San Francisco, Sep 26 (IANS) Instant messaging service WhatsApp has been largely blocked in China, the media reported.

The Open Observatory of Network Interference (OONI), a global observation network for detecting censorship, surveillance and traffic manipulation, suggested on Monday night that Chinese internet service providers started blocking access to WhatsApp on September 23, reports CNN.

Public reports on Twitter indicated that WhatsApp, which is owned by the US-based social media giant Facebook, became inaccessible for some people on September 19.

Over the last few months, there were a number of WhatsApp disruptions in China.

However, WhatsApp has not made an official announcement on the development.

China has already blocked access to a number of internet companies, including Facebook, Instagram, Twitter and Google.

Some people access these services through virtual private networks (VPN), or with tools that disguise internet traffic to circumvent censorship.
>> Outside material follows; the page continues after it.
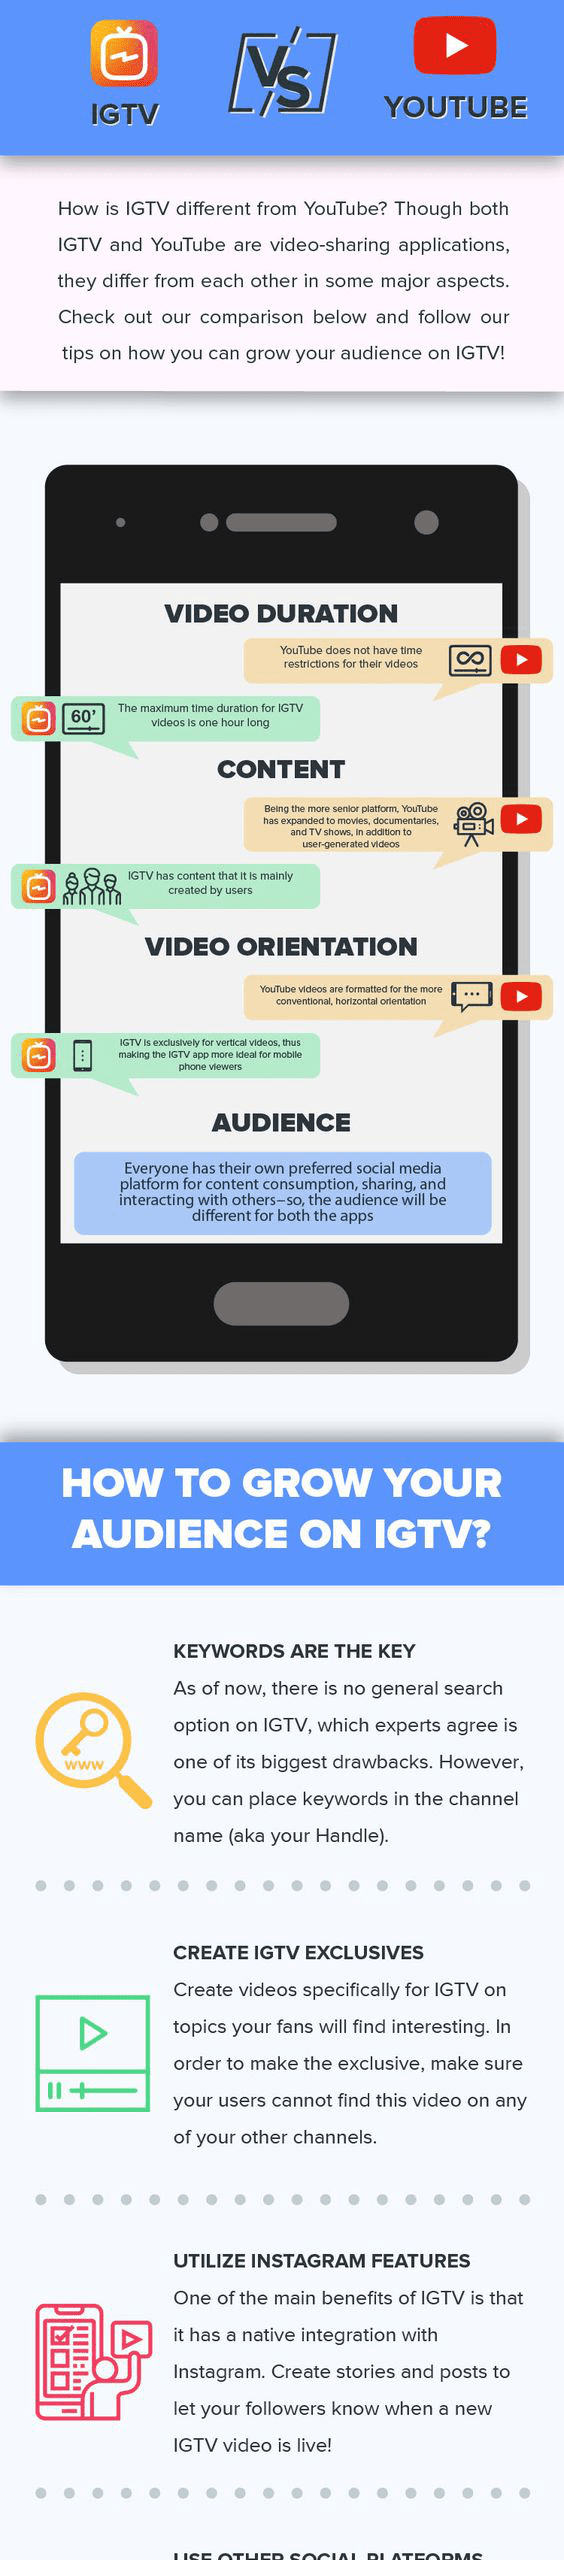 What Is IGTV And Why Should You Care About It?

But the Chinese government has launched a crack down on VPNs this year.

According to Timothy Heath, senior international defence research analyst at the RAND Corporation, the Chinese government does not like that WhatsApp uses strong encryption.

“The government wants to monitor internet communications, and therefore it’s trying to steer its people to use technology that can be accessed and monitored by the government,” Heath told CNN.

Earlier this month, WeChat, a popular chat service in China, notified users of its policies to comply with government requests for information. (ians)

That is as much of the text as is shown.